4. Evil Dead - I watched the original when I was 12(ish) and it scarred me for life. The whole "we're gonna get you" thing was burned into my memory.  I decided to revisit it, before watching the remake, just to see if it still holds up and I am glad to say that it is, indeed, still an awesome movie.  On a side note, I knew that Cabin in the Woods referenced The Evil Dead, but I didn't realize quite how much. To me, that is more of a "remake" or "re-imagining", because it put a new spin on the same story.  Anyway, Evil Dead has some nice "updated" moments, but otherwise it's a pretty standard remake. I really like Jane Levy (she's awesome on Suburgatory), and I think she did a fantastic job in this role.  Also, how gorgeous is Jessica Lucas?! Sooo stunning. She has some pretty awesome freak out scenes, as well.  In contrast, the two guys are hardly memorable.  Overall, I had fun with it. The original had more genuine scares and was still pretty gory, while this had an extensive amount of gore and not enough scares. The amount of gore is a detriment to the movie, because it distracts from everything else the movie has going for it.
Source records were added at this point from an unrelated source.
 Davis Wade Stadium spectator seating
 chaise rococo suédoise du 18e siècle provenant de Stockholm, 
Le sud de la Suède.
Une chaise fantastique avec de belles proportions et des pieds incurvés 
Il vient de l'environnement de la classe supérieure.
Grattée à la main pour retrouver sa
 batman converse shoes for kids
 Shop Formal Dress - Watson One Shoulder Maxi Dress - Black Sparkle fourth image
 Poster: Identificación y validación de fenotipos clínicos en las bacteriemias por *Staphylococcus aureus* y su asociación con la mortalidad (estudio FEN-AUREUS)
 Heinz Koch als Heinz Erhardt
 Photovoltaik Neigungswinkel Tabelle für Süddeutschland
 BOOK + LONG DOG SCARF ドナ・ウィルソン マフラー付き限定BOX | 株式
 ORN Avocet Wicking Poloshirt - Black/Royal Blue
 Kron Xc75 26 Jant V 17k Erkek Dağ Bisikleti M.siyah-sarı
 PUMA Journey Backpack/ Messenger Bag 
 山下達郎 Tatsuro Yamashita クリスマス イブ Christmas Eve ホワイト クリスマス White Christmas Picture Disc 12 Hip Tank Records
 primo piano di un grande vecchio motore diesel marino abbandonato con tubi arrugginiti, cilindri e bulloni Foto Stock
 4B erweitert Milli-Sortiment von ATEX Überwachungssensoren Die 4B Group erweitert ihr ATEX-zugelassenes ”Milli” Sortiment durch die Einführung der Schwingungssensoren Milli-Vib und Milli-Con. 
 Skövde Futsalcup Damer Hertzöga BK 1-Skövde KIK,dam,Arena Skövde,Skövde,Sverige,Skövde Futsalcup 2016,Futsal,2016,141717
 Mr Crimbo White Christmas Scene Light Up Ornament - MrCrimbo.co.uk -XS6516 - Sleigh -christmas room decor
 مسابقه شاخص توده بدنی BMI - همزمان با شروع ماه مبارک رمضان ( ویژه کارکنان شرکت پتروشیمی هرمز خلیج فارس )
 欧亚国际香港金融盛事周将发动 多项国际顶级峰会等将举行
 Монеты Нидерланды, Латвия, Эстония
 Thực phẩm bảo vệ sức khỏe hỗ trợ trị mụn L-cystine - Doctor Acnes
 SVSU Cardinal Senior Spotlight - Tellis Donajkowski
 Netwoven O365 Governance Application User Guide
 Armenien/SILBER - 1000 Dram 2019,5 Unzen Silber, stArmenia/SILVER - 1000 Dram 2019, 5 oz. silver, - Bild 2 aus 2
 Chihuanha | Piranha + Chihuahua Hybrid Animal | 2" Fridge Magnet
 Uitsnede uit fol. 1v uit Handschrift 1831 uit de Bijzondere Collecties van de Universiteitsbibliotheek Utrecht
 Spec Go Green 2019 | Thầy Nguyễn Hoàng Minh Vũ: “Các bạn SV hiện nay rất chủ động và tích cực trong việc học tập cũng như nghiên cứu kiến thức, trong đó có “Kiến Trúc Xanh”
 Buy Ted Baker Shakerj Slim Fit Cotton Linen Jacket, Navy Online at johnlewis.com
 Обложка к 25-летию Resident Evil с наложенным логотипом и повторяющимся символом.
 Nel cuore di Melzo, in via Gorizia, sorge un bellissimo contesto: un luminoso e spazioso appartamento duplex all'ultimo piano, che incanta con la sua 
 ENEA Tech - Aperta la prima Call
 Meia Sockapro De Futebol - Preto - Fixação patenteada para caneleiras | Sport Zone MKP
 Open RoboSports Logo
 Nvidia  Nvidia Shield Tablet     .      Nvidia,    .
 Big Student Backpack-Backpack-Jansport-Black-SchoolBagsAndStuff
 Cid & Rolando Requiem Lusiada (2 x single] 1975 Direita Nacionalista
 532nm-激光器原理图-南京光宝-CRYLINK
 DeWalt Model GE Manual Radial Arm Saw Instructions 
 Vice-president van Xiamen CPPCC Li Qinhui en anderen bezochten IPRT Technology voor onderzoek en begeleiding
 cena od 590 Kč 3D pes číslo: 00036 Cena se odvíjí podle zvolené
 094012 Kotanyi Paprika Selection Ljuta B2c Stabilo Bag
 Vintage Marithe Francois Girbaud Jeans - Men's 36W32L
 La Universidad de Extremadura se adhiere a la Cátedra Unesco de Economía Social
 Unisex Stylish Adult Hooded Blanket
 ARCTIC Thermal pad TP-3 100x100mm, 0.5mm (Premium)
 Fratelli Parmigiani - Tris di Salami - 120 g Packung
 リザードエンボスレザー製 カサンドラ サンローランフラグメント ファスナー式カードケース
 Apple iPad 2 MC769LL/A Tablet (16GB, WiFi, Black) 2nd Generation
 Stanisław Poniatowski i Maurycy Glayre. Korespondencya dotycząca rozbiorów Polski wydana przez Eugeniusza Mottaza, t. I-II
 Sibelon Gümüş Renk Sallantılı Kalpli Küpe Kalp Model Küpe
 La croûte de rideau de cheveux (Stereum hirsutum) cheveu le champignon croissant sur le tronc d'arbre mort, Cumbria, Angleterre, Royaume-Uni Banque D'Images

It became almost laughable. The last 20 minutes are just a red-stained mess; every inch of the screen is soaked in blood.  It certainly didn't scar me like the original, but then again, I'm not 12 anymore.

5. G.I. Joe: Retaliation -  Ugh. What a chore to sit through.  I wasn't a huge fan of the first one (I'm pretty sure the nicest thing I could say about it was that it is "mediocre"), but it did have Channing Tatum and Joseph Gordon-Levitt (plus, Sienna Miller and Rachel Nichols).  I knew that the cast was different, but for some reason, I thought Channing Tatum was still the star.  He's not. There really isn't a "star", but to my surprise Bruce Willis is in it! How did I miss that? Yes, I realize he is front and center on the poster, but I don't think I saw the poster, or a trailer, or really anything about it (seriously, was it even released in theaters? Does this movie actually exist or am I just imagining it?). Some other additions include The Rock (hate him), Adrianne Palicki (love her) and Ray Stevenson (love him. Rome is one of my favorite shows ever. Well, at least it would be if it lasted more than 2 seasons!).  Once again, the nicest thing I can say is that it is "mediocre" to it's core.  There is just nothing fun about it, except for one scene in the beginning that involved the Joe's playing video games.  A film like this should be nothing but fun, instead it is just one mindless action scene after another. Also, I became quite confused as to who I was supposed to root for - the bad guys seemed to be having much more fun.